On lui reprochait de nourrir des rapports trop amicaux avec Emmanuel Macron. De prendre ses distances, du moins symboliquement, avec une famille politique en situation de délabrement électoral. Nicolas Sarkozy a eu l'occasion de prouver le contraire ce lundi. L'ancien président de la République s'est rendu à Romorantin, dans le Loir-et-Cher, pour les vœux de Guillaume Peltier, numéro deux du parti Les Républicains. 

Appelant plusieurs fois à la "concorde nationale", l'ex-chef de l'État s'est inquiété du degré de violence qu'a atteint selon lui la société française. "La République, c'est un régime qui trouvé sa place dans le cœur des Français, quand la République était synonyme de sécurité, (...) de concorde, (...) de paix civile", a-t-il développé face à des sympathisants LR. Et Nicolas Sarkozy de prévenir:

"À chaque fois que la République a suscité la division, elle est tombée comme un mauvais fruit."

"Quatre cavaliers de l'apocalypse républicaine"

Dénonçant la multiplication des "scènes de violence" de ces dernières semaines, l'ancien locataire du palais de l'Elysée a affirmé que celles-ci "abaissent la France". D'après lui, "antiparlementarisme, abstention, indifférence, haine de l'autre" sont les "quatre cavaliers de l'apocalypse républicaine". 

"Nous ne pouvons pas nous permettre de choisir cette voie", a-t-il prévenu, estimant qu'il fallait "dire à nos compatriotes qu'il y a des gens qui sont morts pour qu'on vive libre".

"L'héritage ne peut pas être le terreau de la haine de l'autre. (...) Il y a une tyrannie des minorités que je n'accepte pas. La France, c'est la communauté nationale.

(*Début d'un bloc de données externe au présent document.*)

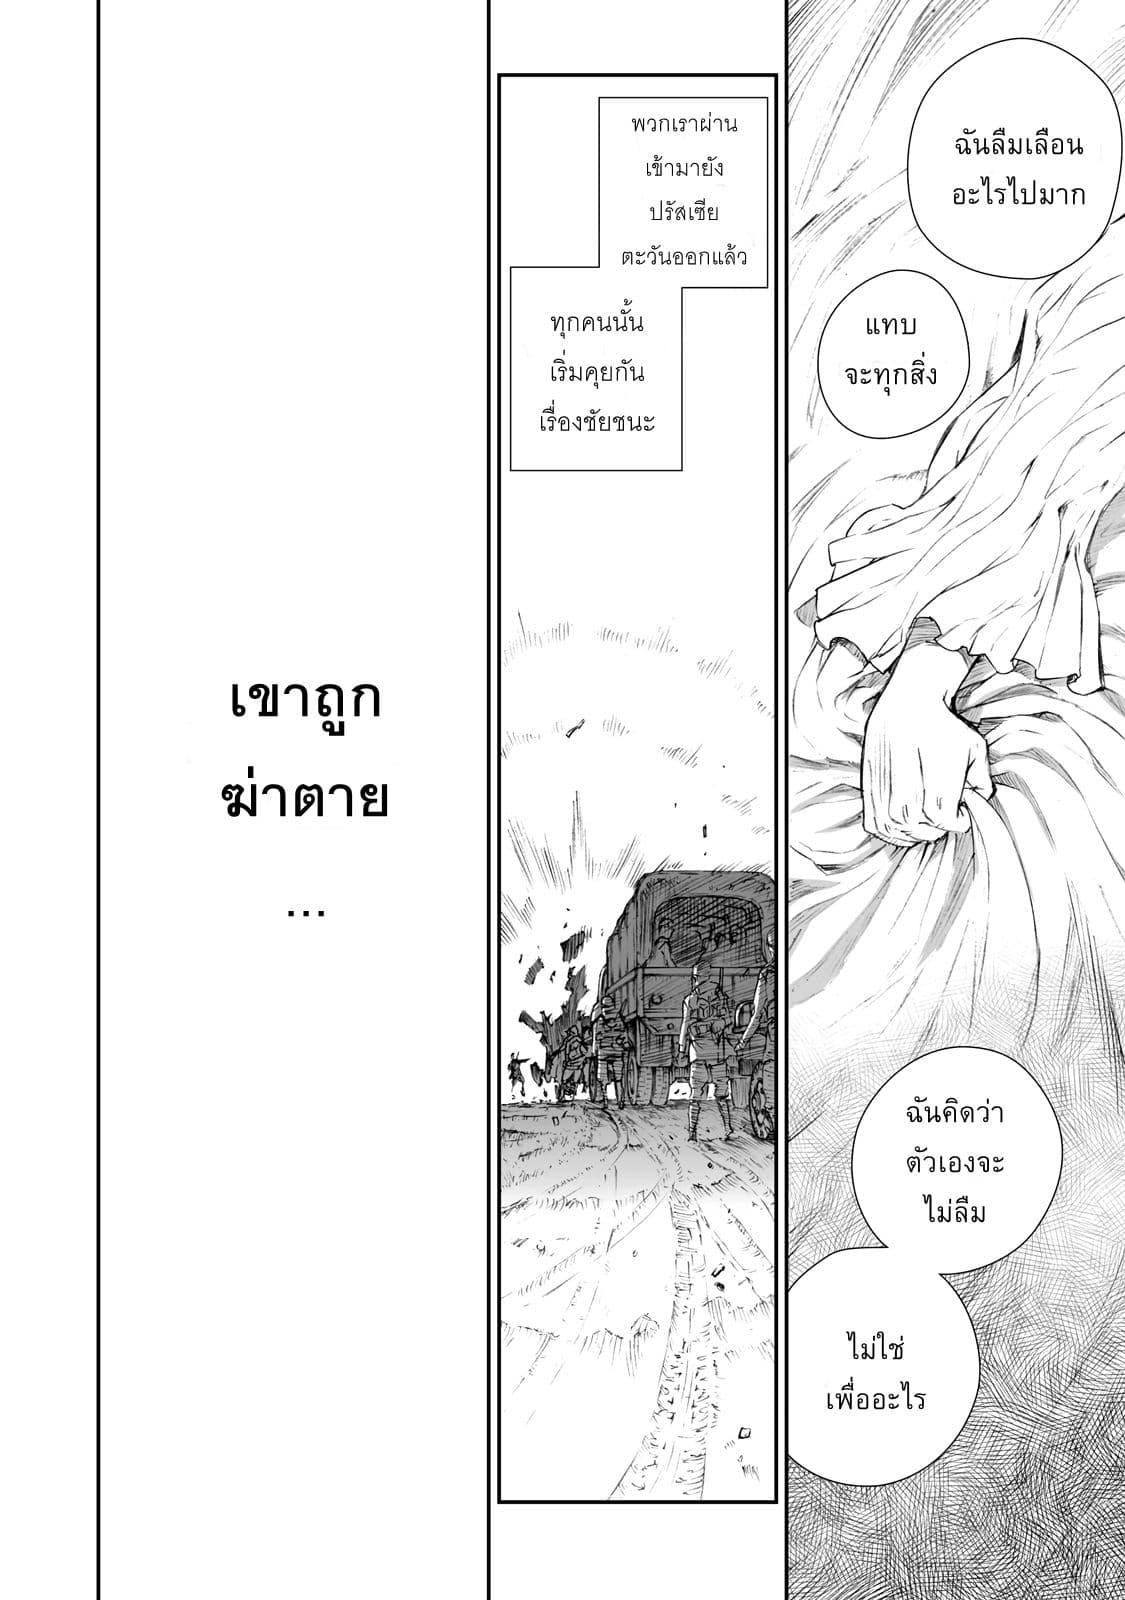 อ่านการ์ตูน Senso wa onna no kao o shite inai ตอนที่ 2 หน้าที่ 16

Partout, l'identité de la Nation doit l'emporter sur les mémoires identitaires. Le communautarisme et l'esprit de clan sont nuisibles à la France", a développé Nicolas Sarkozy. 

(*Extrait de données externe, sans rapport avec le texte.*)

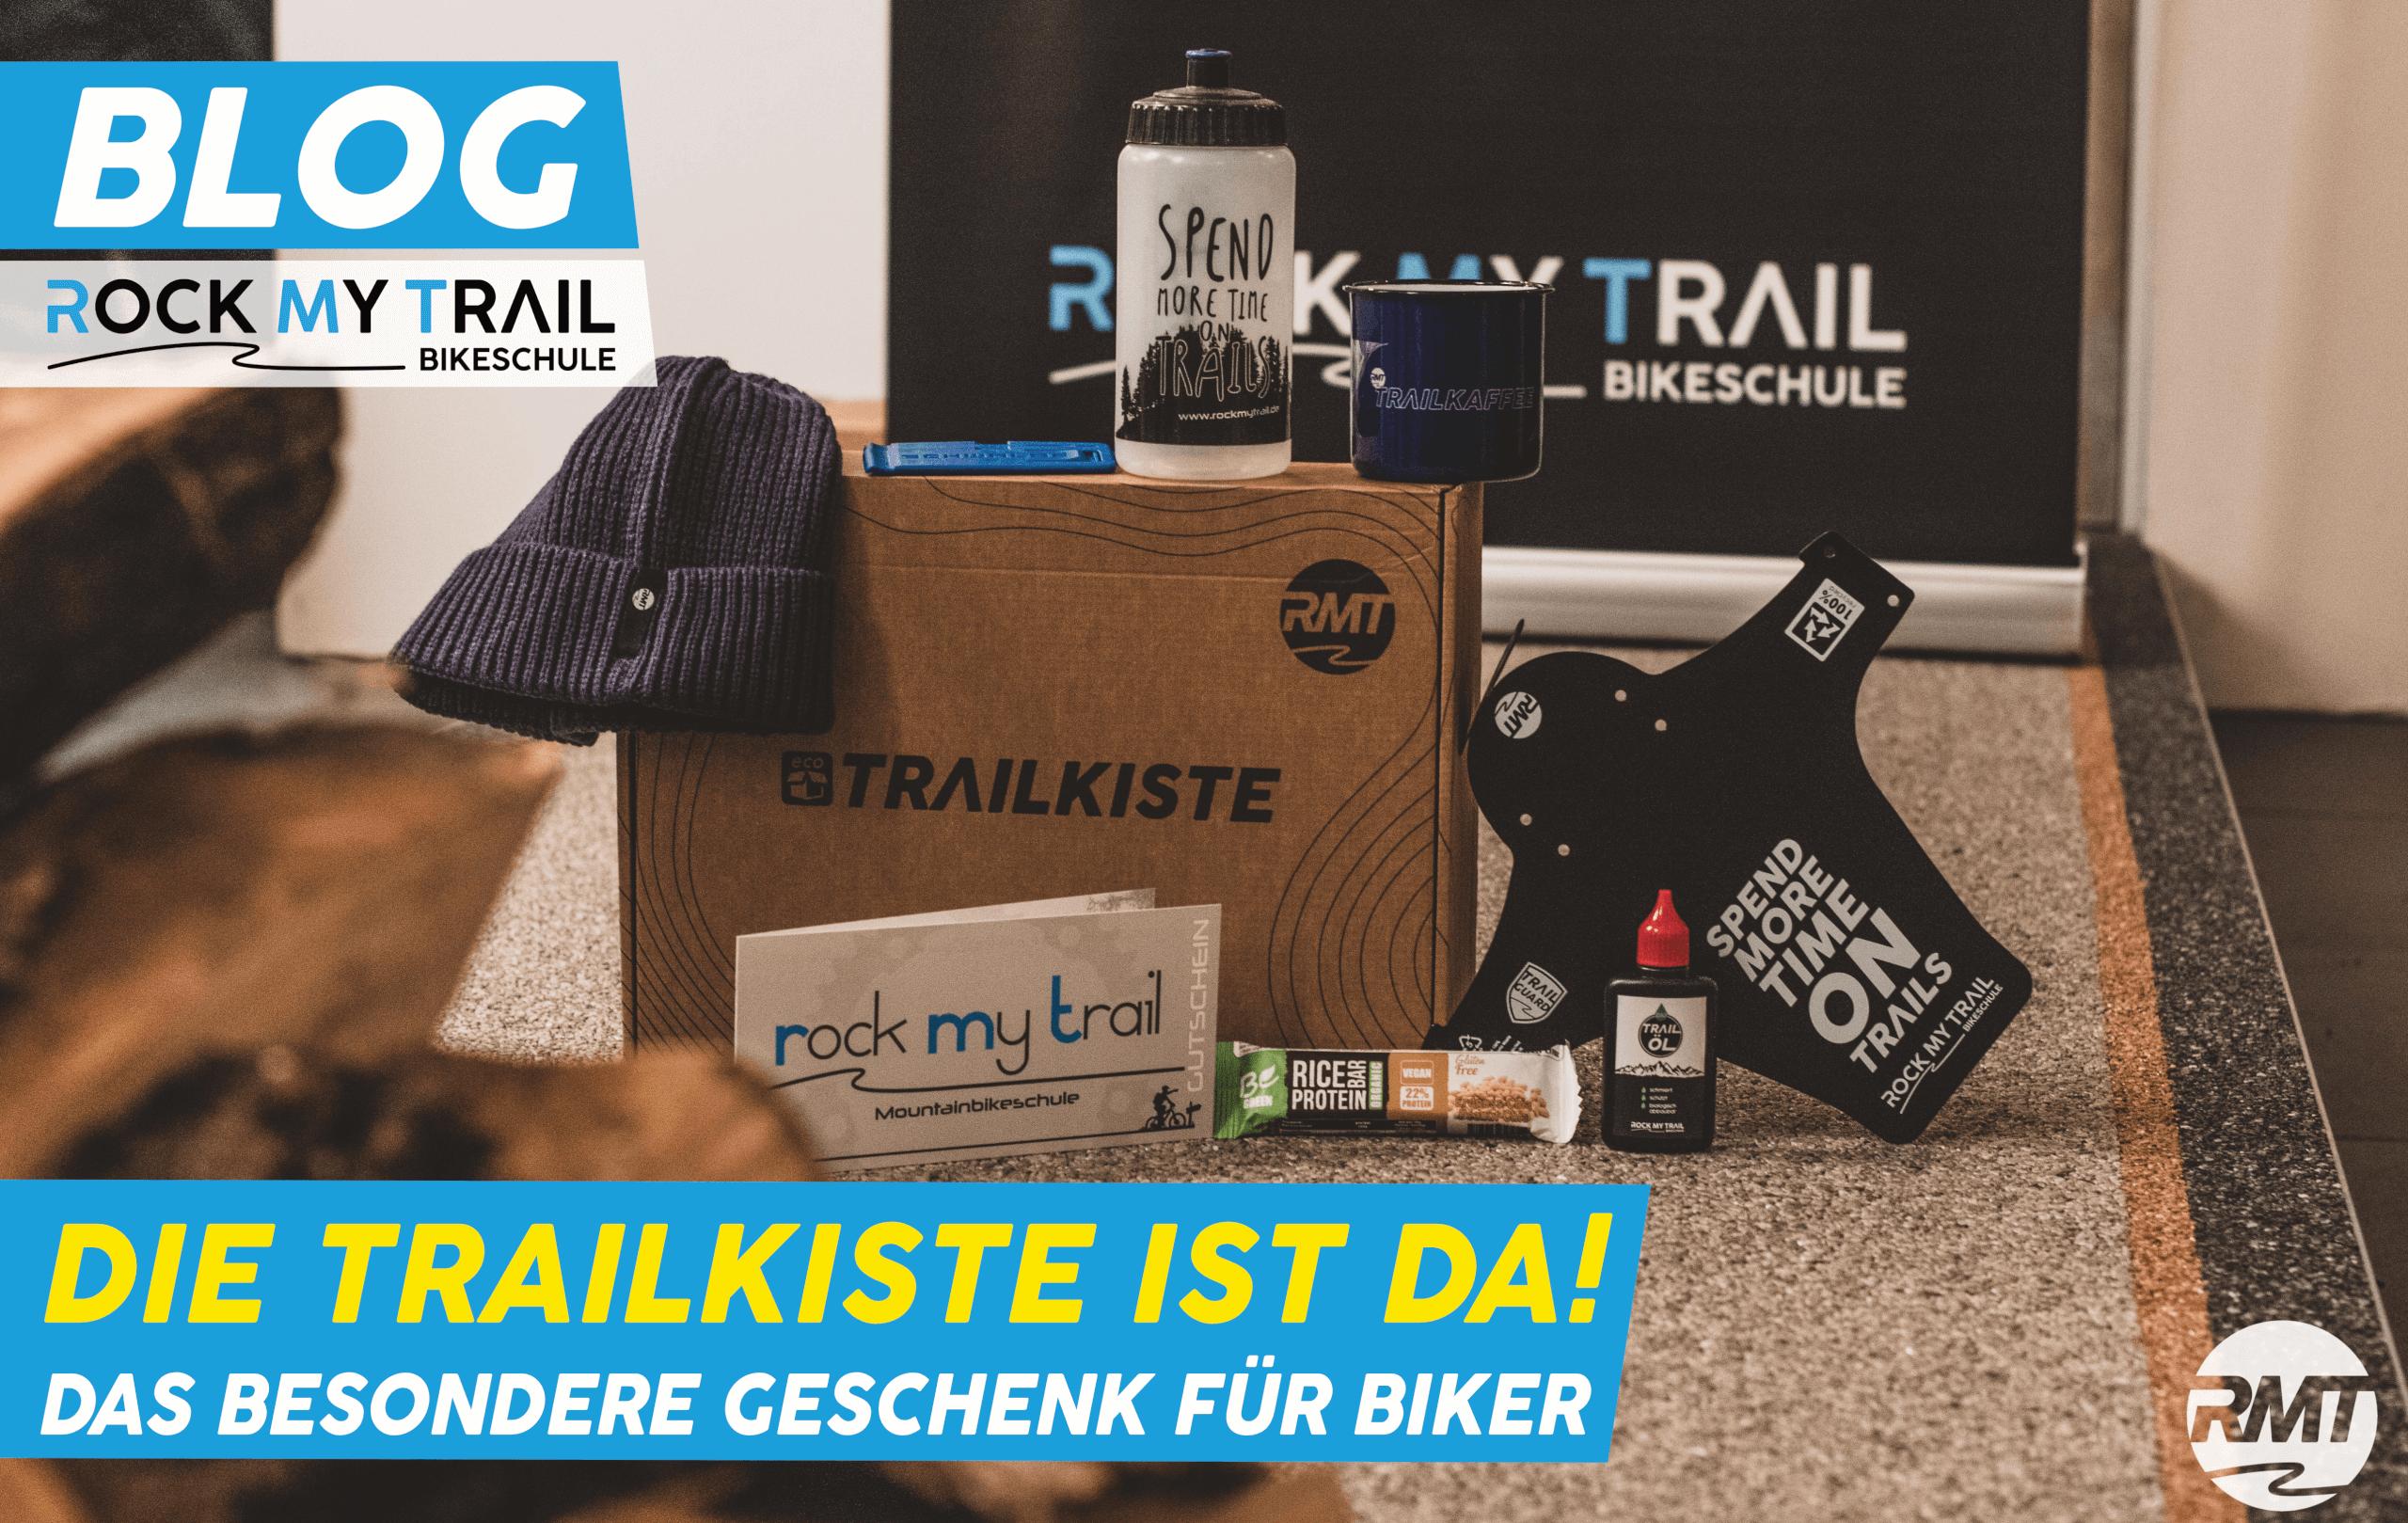 TRAILKISTE - Rock my Trail Bikeschule

Macron ménagé, Hollande égratigné

La tonalité et le vocabulaire rappellent la ligne adoptée par le candidat à la primaire LR de novembre 2016. Évoquant pêle-mêle Voltaire et François Mitterrand, l'ex-président a dénoncé les effets de Mai-68 - "il est interdit d'interdire, on voit ce que ça a donné". Il a par ailleurs ménagé son successeur Emmanuel Macron, qu'il a représenté au Japon puis au sultanat d'Oman, tout en taclant l'un de ses adversaires favoris, François Hollande:

"Je veux servir mon pays. J'ai représenté la France à la demande du président. Je respecte la fonction et la personne. Si son prédécesseur avait eu l'idée... Malheureusement il n'en avait pas."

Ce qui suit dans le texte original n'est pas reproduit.